# Notebook Title: AfyaMum Bot: AI-powered pregnancy support chatbot

## Introduction
This notebook utilizes the power of Llama 2, an open-source large language model, in combination with a comprehensive document on Maternal Reproductive Health to offer expectant mothers tailored information and support. Maternal health during pregnancy is of utmost importance, and this notebook aims to empower expectant mothers with personalized insights, risk assessment, prevention methods, and guidance for a healthier pregnancy journey.

## How it works?
1. **Data Input**: Expectant mothers provide information on how they feel through Whatsapp

2. **Personalization**: Llama 2 will process the input data to generate personalized recommendations and assessments.

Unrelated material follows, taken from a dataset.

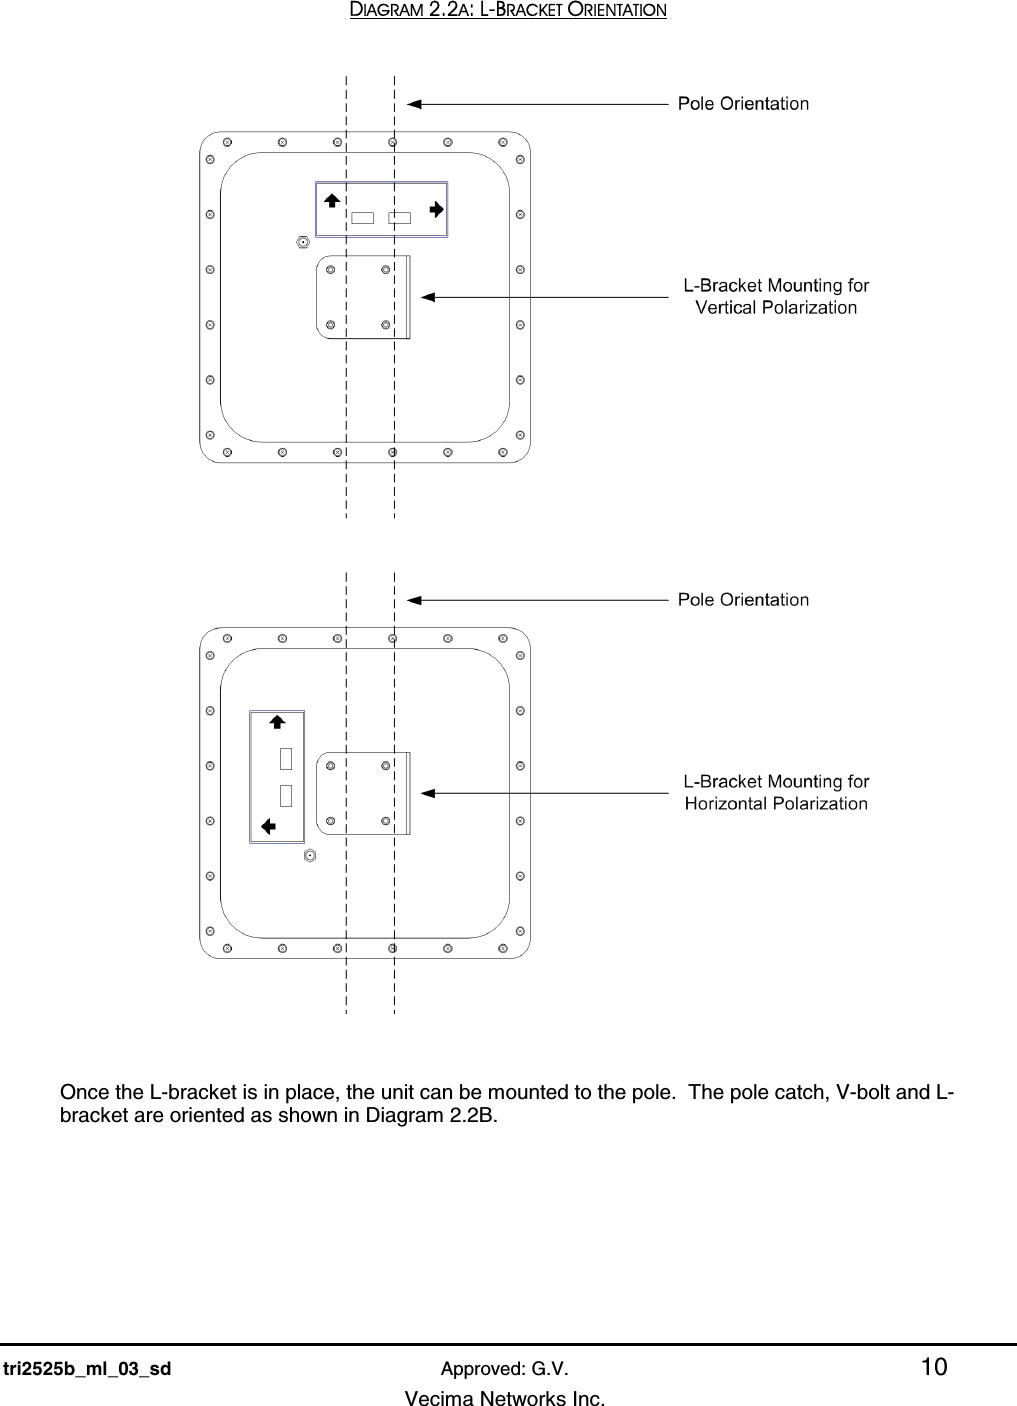    tri2525b_ml_03_sd Approved: G.V. 10   Vecima Networks Inc.  DIAGRAM 2.2A: L-BRACKET ORIENTATION     Once the L-bracket is in place, the unit can be mounted to the pole.  The pole catch, V-bolt and L-bracket are oriented as shown in Diagram 2.2B.

The Personalized Maternal Reproductive Health Guide, powered by Llama-2, aims to provide expectant mothers with the knowledge, tools, and support needed for a healthy and informed pregnancy journey.


In [1]:
#!pip install python-dotenv
#!pip install openai

In [2]:
#!pip install --upgrade langchain

In [3]:
#!pip install chromadb

## Using OpenAI's GPT-3.5 to do prompt engineering

### 1.0: Loading the required packages

In [4]:
import os
import openai
import sys
sys.path.append('../..')
from dotenv import load_dotenv, find_dotenv
_ = load_dotenv(find_dotenv())

openai.api_key = os.environ['OPENAI_API_KEY']

In [5]:
import datetime
current_date = datetime.datetime.now().date()
if current_date < datetime.date(2023, 9, 2):
    llm_name = "gpt-3.5-turbo-0301"
else:
    llm_name = "gpt-3.5-turbo"
print(llm_name)

gpt-3.5-turbo


In [6]:
langchain_tracing_v2 = os.environ['LANGCHAIN_TRACING_V2']
langchain_endpoint = os.environ['LANGCHAIN_ENDPOINT']
langchain_api_key = os.environ['LANGCHAIN_API_KEY']

In [8]:
from langchain.vectorstores import Chroma
from langchain.embeddings.openai import OpenAIEmbeddings
persist_directory = 'docs/chroma/'
embedding = OpenAIEmbeddings()
vectordb = Chroma(persist_directory=persist_directory, embedding_function=embedding)

In [None]:
from langchain.chat_models import ChatOpenAI
llm = ChatOpenAI(model_name=llm_name, temperature=0)
llm.predict("Hello!")

'Hello! How can I assist you today?'

In [None]:
# !pip install tiktoken

In [None]:
# Build prompt
from langchain.prompts import PromptTemplate
template = """Use the following pieces of context to answer the question at the end. If you don't know the answer, just say that you don't know, don't try to make up an answer. Use three sentences maximum. Keep the answer as concise as possible. Always say "Thanks for asking and I'm optimistic everything will be well!" at the end of the answer. 
{context}
Question: {question}
Helpful Answer:"""
QA_CHAIN_PROMPT = PromptTemplate(input_variables=["context", "question"],template=template,)

# Run chain
from langchain.chains import RetrievalQA
question = "What are the major causes of pregnancy complications?"
qa_chain = RetrievalQA.from_chain_type(llm,
                                       retriever=vectordb.as_retriever(),
                                       return_source_documents=True,
                                       chain_type_kwargs={"prompt": QA_CHAIN_PROMPT})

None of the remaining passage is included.